[What you have to do]:
Please write out every line of the material, leaving out any picture.

Start of Dataset content

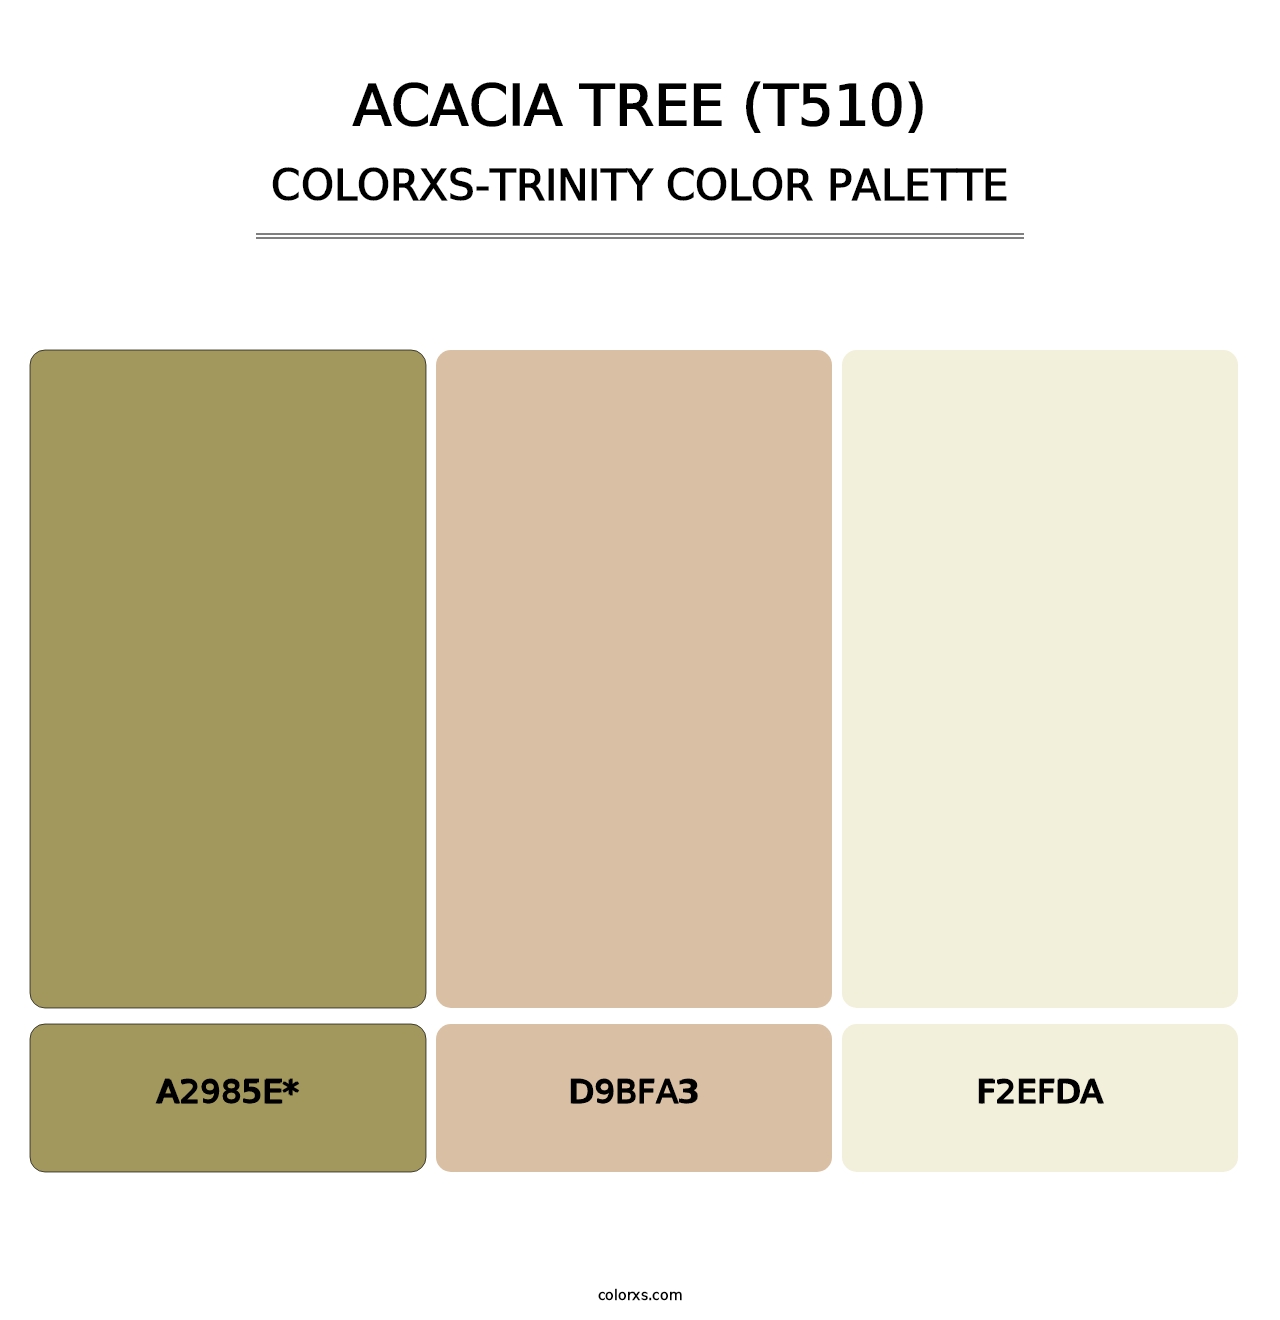 Acacia Tree (T510) - Colorxs Trinity Palette
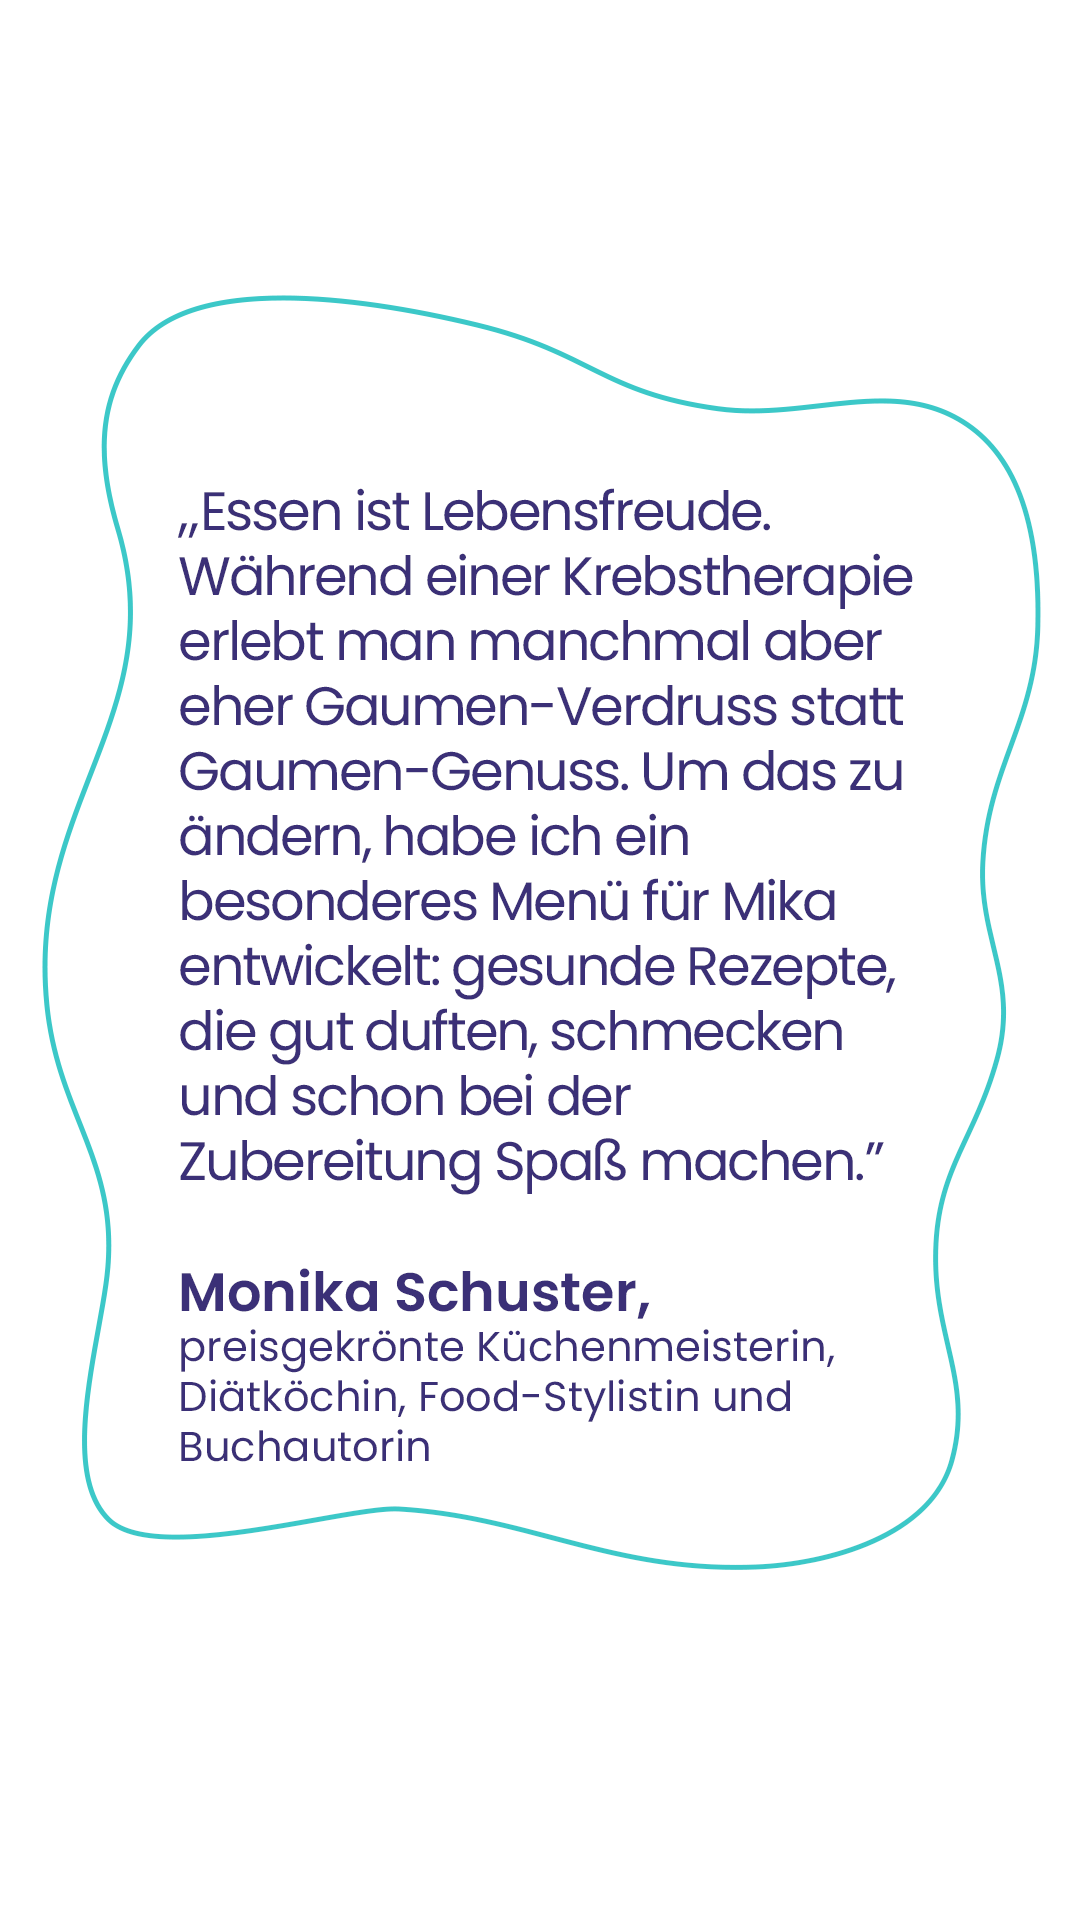 Monika Schuster
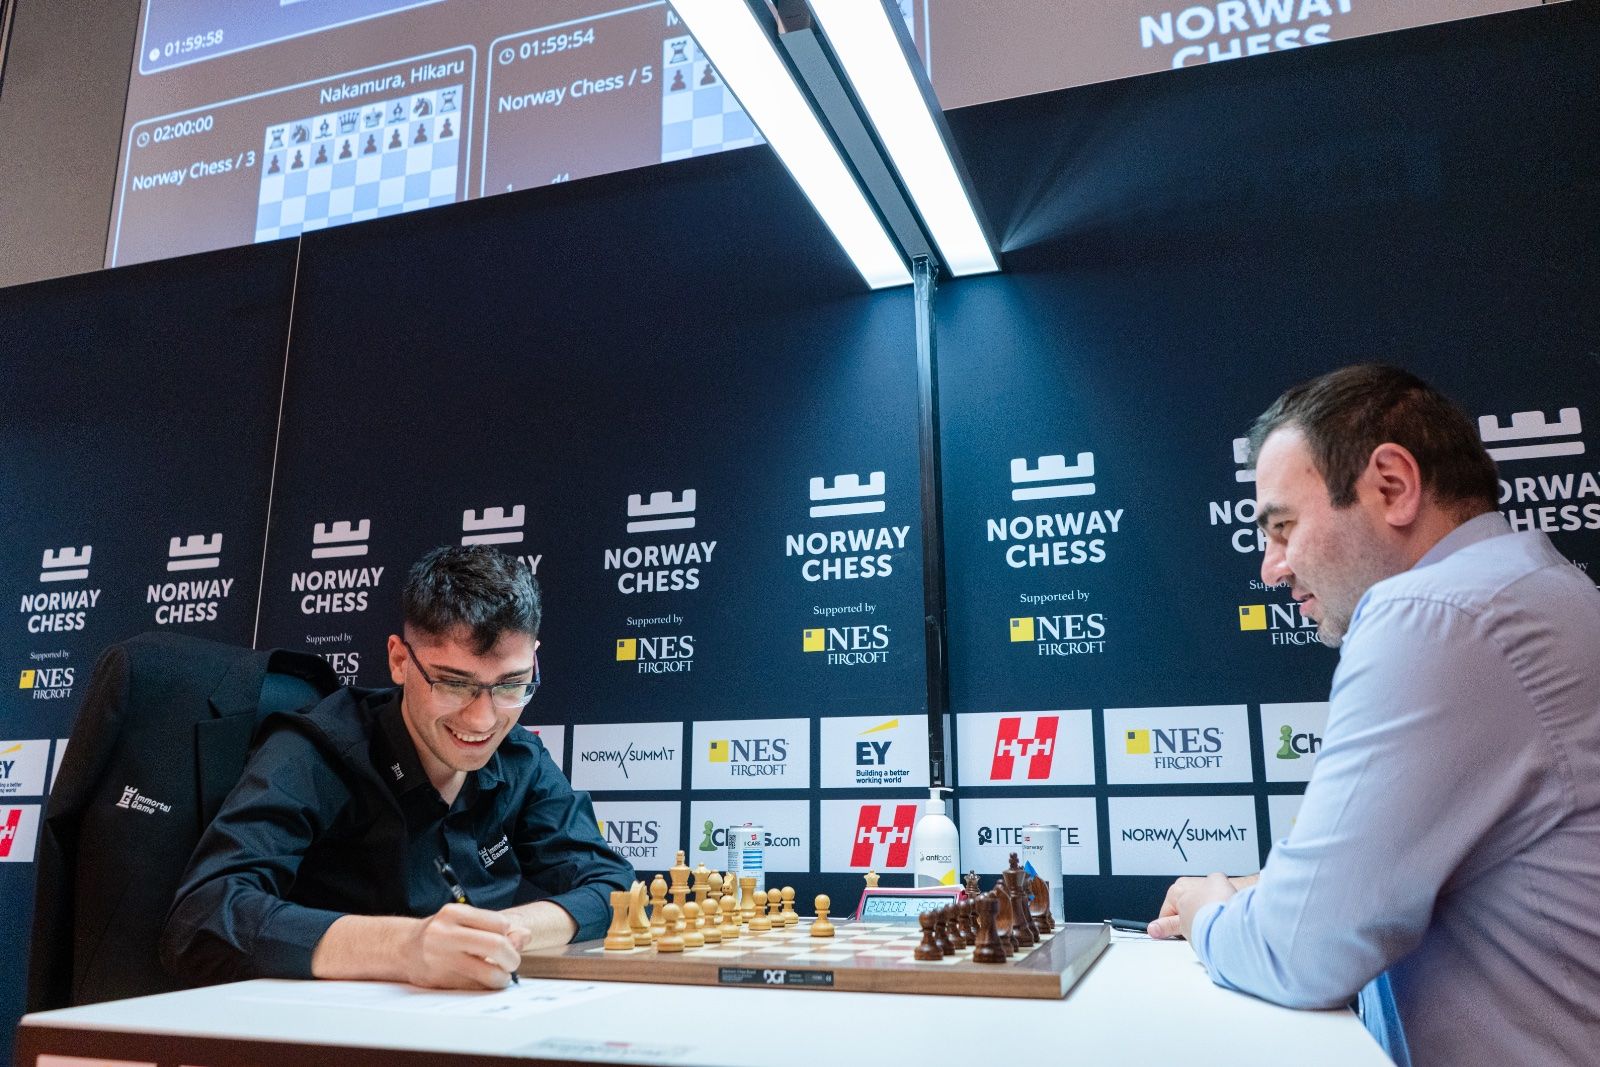 Abdusattorov Extends Lead In Round Of Decisive Games 
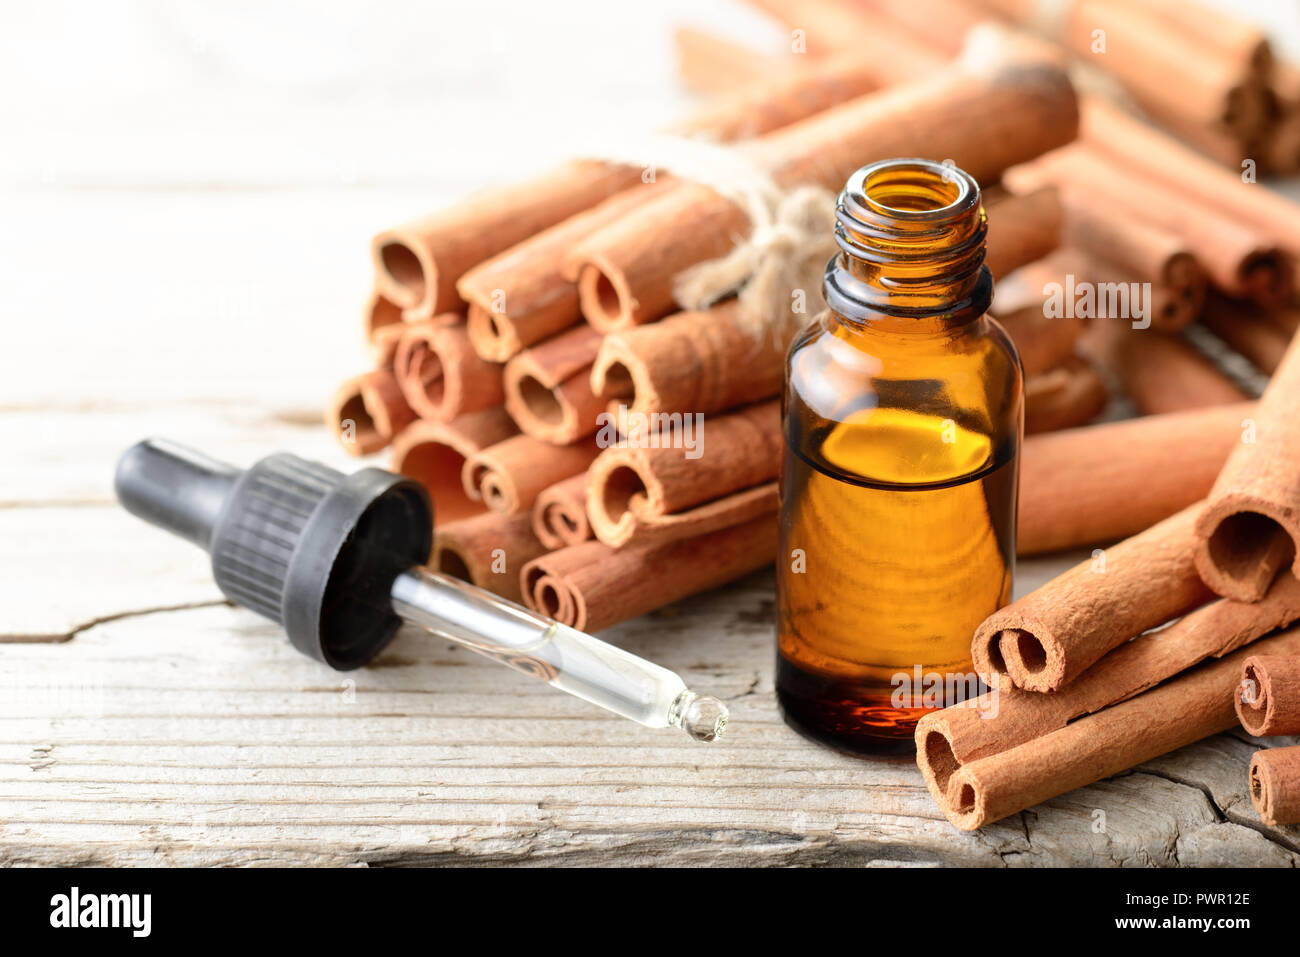 cinnamon essential oil in the glass bottle Stock Photo

End of Dataset content

[Solution]:
 Acacia Tree (T510) - Colorxs Trinity Palette
 Monika Schuster
 Abdusattorov Extends Lead In Round Of Decisive Games 
 cinnamon essential oil in the glass bottle Stock Photo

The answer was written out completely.